Throughout the first half of July, colder and less saline waters shoal toward the surface, with average values of 14.83 ± 1.44 °C and 35.87 ± 0.07, respectively (Fig. 6), resulting in a well-mixed and homogenous water column. In response, stability and spiciness decrease (Fig. 8), accompanied by increasing chlorophyll a concentration (0.9 ± 1.03 mg m−3) and turbidity (0.26 ± 0.07 NTU). In the second half of the month, surface waters experience warming and a slight average increase to up to 15.40 ± 1.83 °C along with an increased stability and spiciness (Figs. 6 and 8). Stratification enhances during August due to a deepening of the warmer surface waters to a depth of approximately 60 m (Fig. 8). Around 24 August, colder temperate waters shoal toward the surface (19.4 °C), simultaneously with an inflation of the maximum chlorophyll a concentration (10.51 mg m−3), attenuating in the beginning of September. Upper-layer stratification stabilizes throughout the month of September, with temperatures of around 21 °C in the upper 40 m, with an increased period of warming between the second and third week of the month, along with a slight decrease in chlorophyll a (Fig. 6). The same pattern was observed during mid-August, in which, with increased surface temperatures, higher chlorophyll a concentrations migrate to deeper layers, similarly to the third week of July.

7 Data availability

Quality-controlled datasets are made publicly available as NetCDF files at the environmental data repository SEANOE under the DOI https://doi.org/10.17882/94769 (Rautenbach et al., 2022) and DOI https://doi.org/10.17882/95468 (Carapuco et al., 2022) in accordance with FAIR principles (Wilkinson et al., 2019). Beyond the repository, data are ingested into the CCMAR ERDDAP server (https://erddap.ccmar.ualg.pt/erddap/index.html, CCMAR, 2024), in which a first data visualization and data can be downloaded in various file formats selectively from the user. Further, the data are shared with the EMSO-ERIC Data Portal (https://data.emso.eu, EMSO ERIC, 2024), in which users can visualize and download data according to their needs. The data are not restricted and are accessible for anyone, accompanied by comprehensive metadata. Standardized datasets allow for machine readability and interoperability with various software.

8 Dataset value

This dataset conveys the importance of continuous, long-term data acquisition and ocean monitoring to capture mesoscale and sub-mesoscale events in the ocean. As presented before it was detected, for example, during the second half of June, the thermohaline records were fascinating. This deployment was the first test run of the IbMa-CSV ocean observatory. Sensor failure due to biofouling will be tackled by following a regular cleaning of the sensors at specific time intervals while deployed (profiler) and by reducing deployment turnaround with a second vertical wave-powered profiler. Hence, the two profilers will alternate in a minimum 4-month rhythm, therefore guarantying a continuous data collection. The vertical wave-powered profiler offers impeccable high temporal and vertical resolution data products at reasonable cost and with maintenance. The only instruments which provide data products with comparable resolution are autonomous underwater vehicles and gliders. Yet, both economically and regarding the scope of establishing an Eulerian, long-term observation platform, these instruments cannot compete, underpinning the exceptional potential of the vertical wave-powered profiler and its data products.

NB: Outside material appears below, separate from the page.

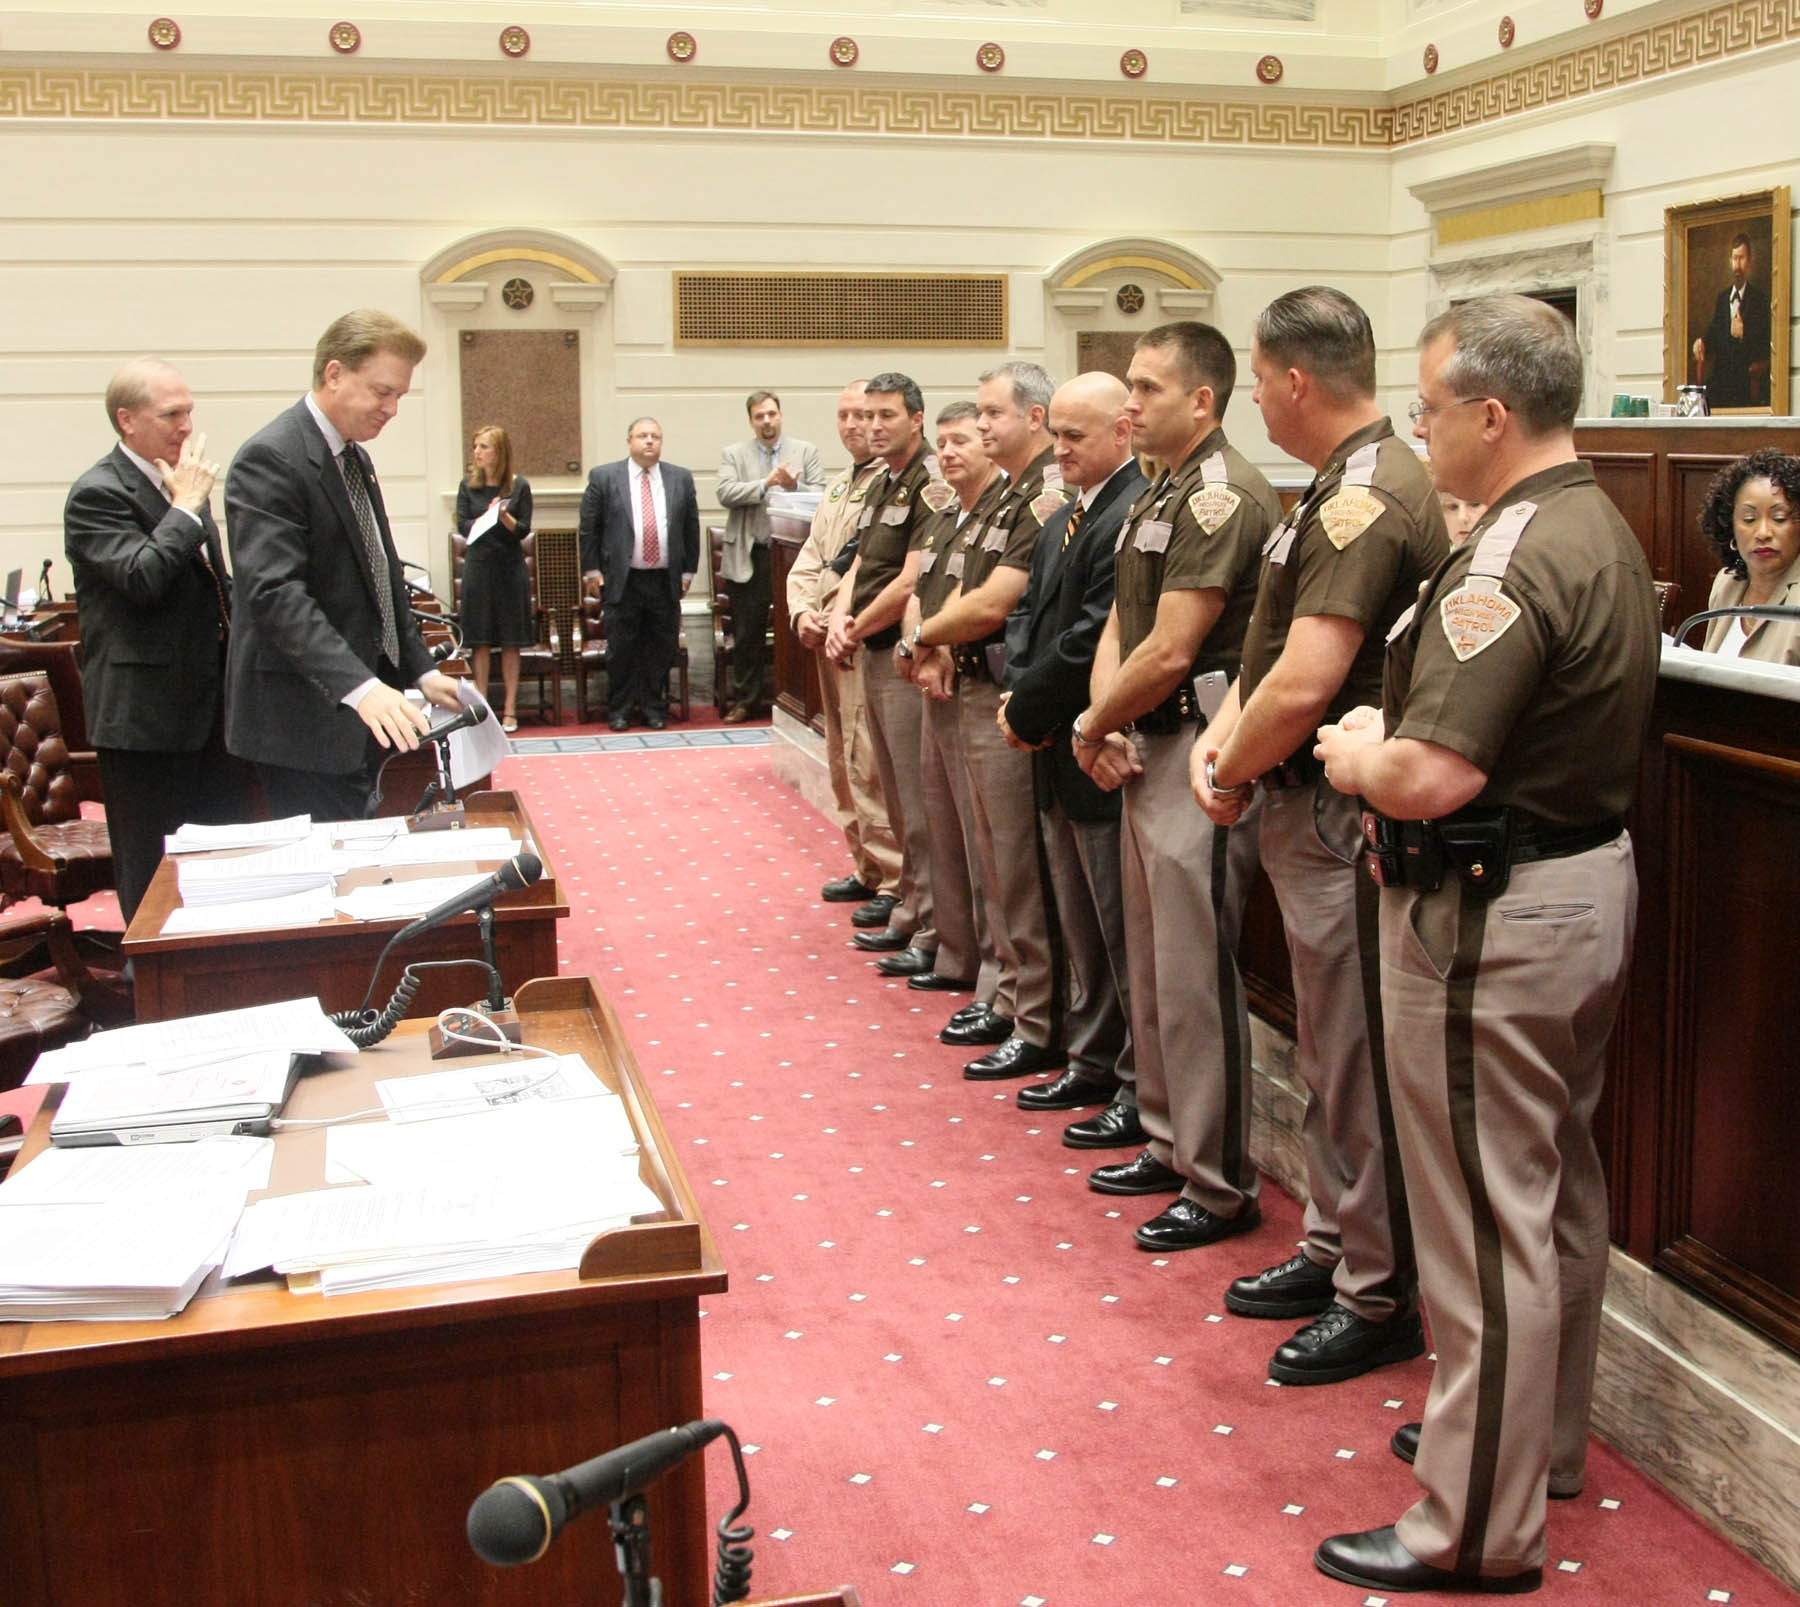 Sen. Laster reaches for the microphone as the Senate honors members of the Highway Patrol.

The monitoring of energetic areas, such as the western tip of the northern margin of the Gulf of Cádiz (the CSV), is crucial to understanding the complexity of the ocean dynamics and to predict future development via ocean models and their validation through comprehensive datasets. A wide range of processes, from the upper-layer wind-induced upwelling to deeper MOW features, do occur in the ocean surrounding CSV, as described in the Introduction. Intense mesoscale and sub-mesoscale activity that represents the “weather” variability in the ocean imposed by the turbulent nature of the circulation is quite conspicuous in this region and dominates all levels of the water column, challenging the investigation of a wide range of oceanographic processes.

Efforts have been made to develop numerical models for this region, with the aim of better understanding the exchange and mixing processes that occur there and their implications for the ecosystem and salt spreading in the North Atlantic. However, there is no general theory of turbulence, and numerical models must rely on parameterizations to solve this macro-turbulence. The correct parameterization of the turbulent behavior of the ocean depends on the previous knowledge that we have about the physical characteristics of the region to be modeled. This knowledge is built on the observation of the ocean. Higher-resolution observations will produce better parameterizations of the numerical models. The present knowledge of the oceanography of the region is inferred from event-scale sampling, leading to regional numerical models which are highly data deficient and tend to use parameterization analogies with ocean regions with similar oceanographic characteristics that are intensively sampled, such as the California upwelling system (Macias et al., 2014; Janeiro et al., 2017). This data series will make it possible to find better parameters for the region and to solve the turbulence and turbulence-related ocean processes more realistically.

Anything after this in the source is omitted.